▸ TRY IT
Transcribe the listing in full, excluding any pictures.

▸ DATA
————
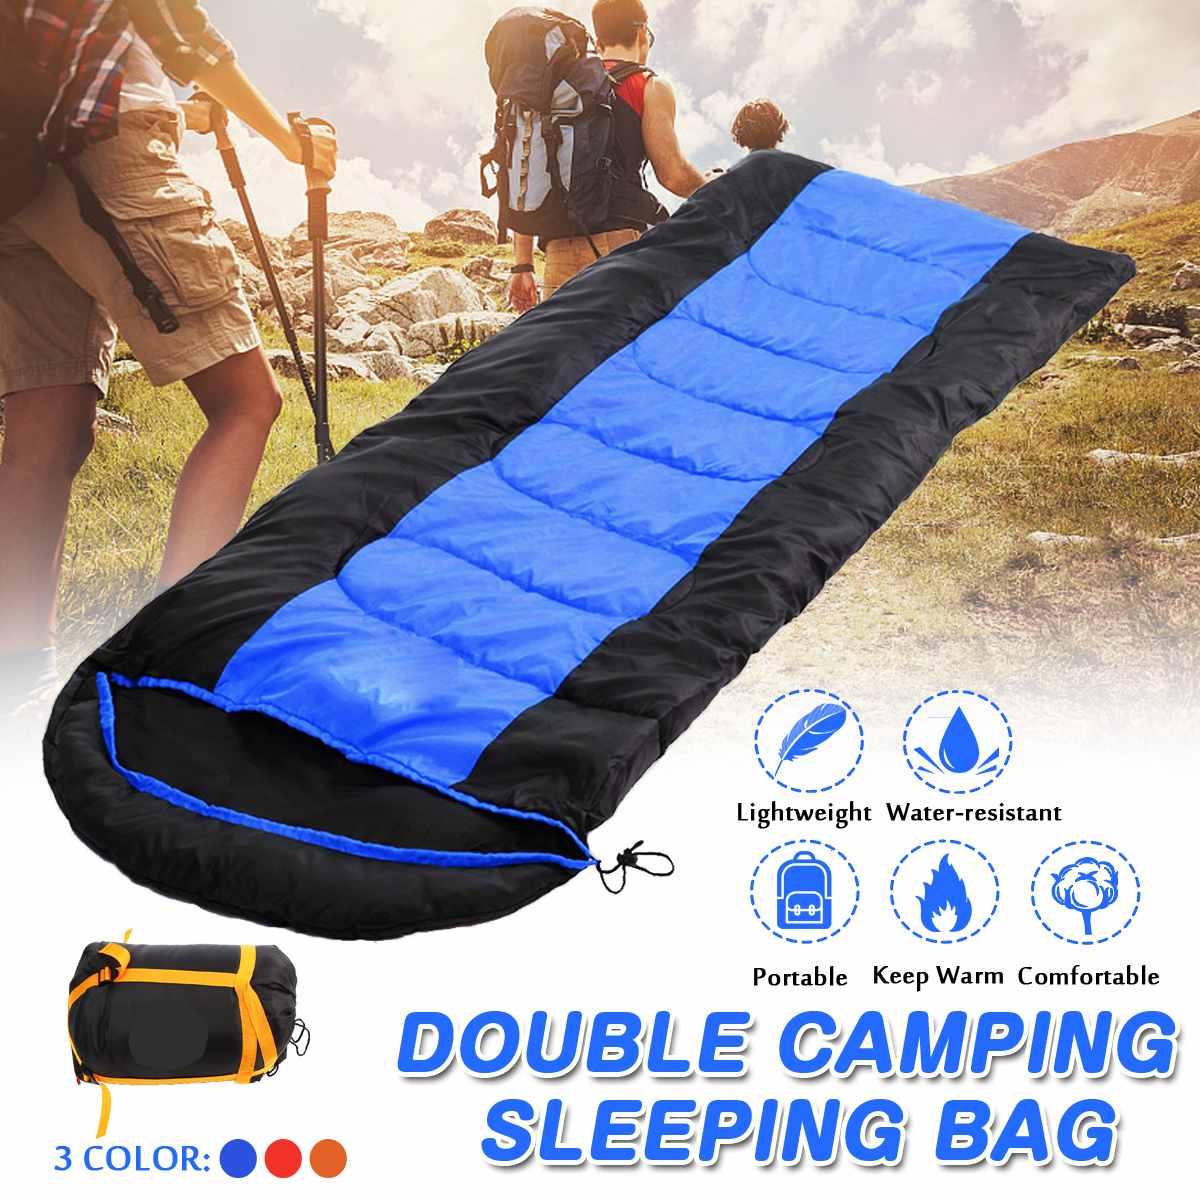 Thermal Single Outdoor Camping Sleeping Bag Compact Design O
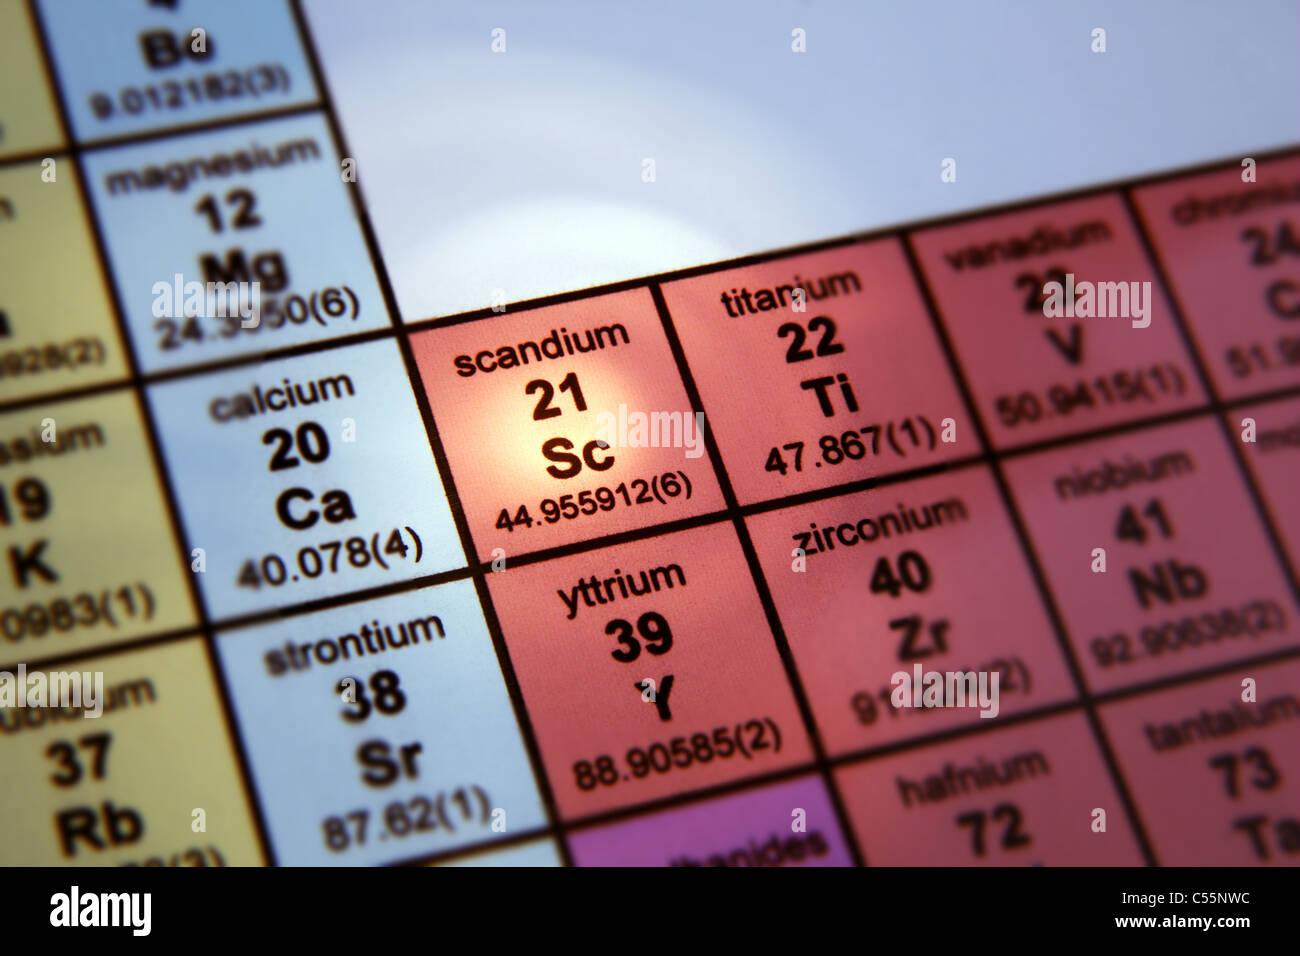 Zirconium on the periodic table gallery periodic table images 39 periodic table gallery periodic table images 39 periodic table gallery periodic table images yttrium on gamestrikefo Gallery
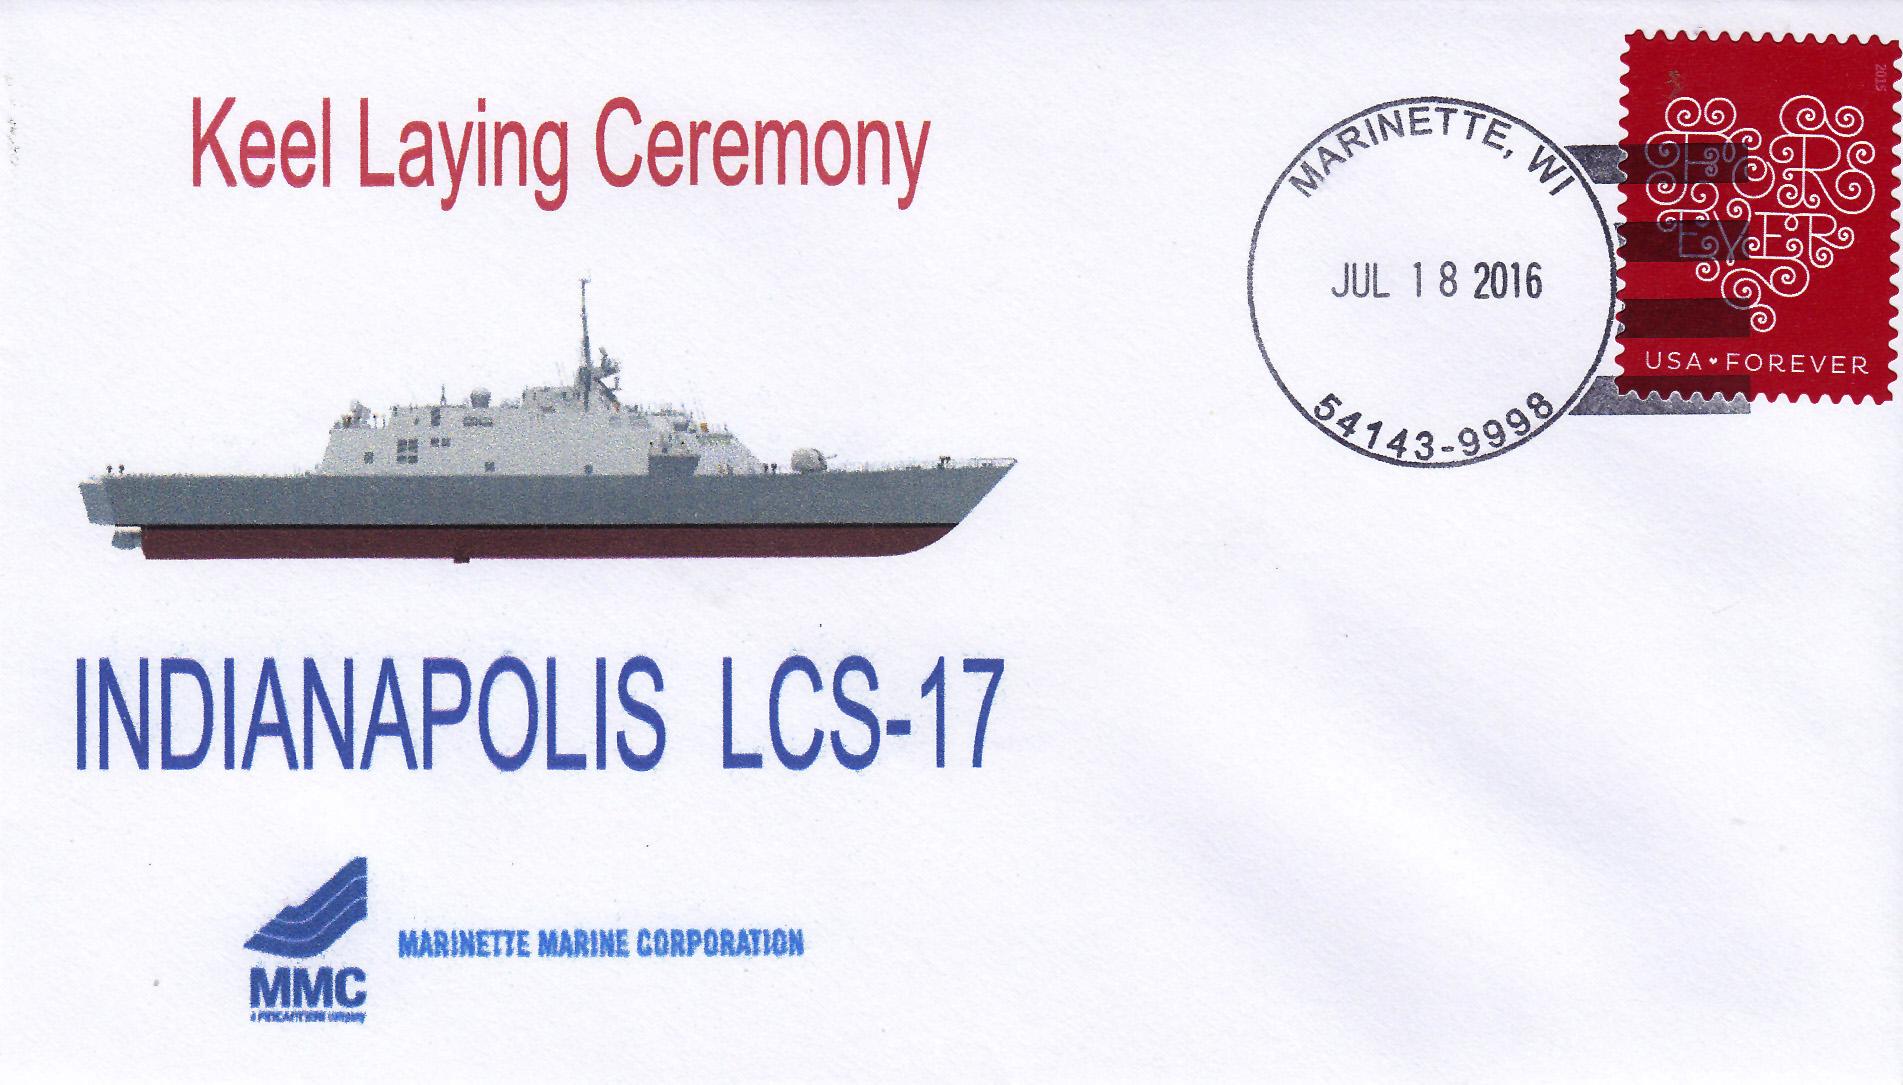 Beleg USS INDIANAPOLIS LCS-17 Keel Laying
————
▸ SOLUTION FOR THIS TASK
 Thermal Single Outdoor Camping Sleeping Bag Compact Design O
 Zirconium on the periodic table gallery periodic table images 39 periodic table gallery periodic table images 39 periodic table gallery periodic table images yttrium on gamestrikefo Gallery
 Beleg USS INDIANAPOLIS LCS-17 Keel Laying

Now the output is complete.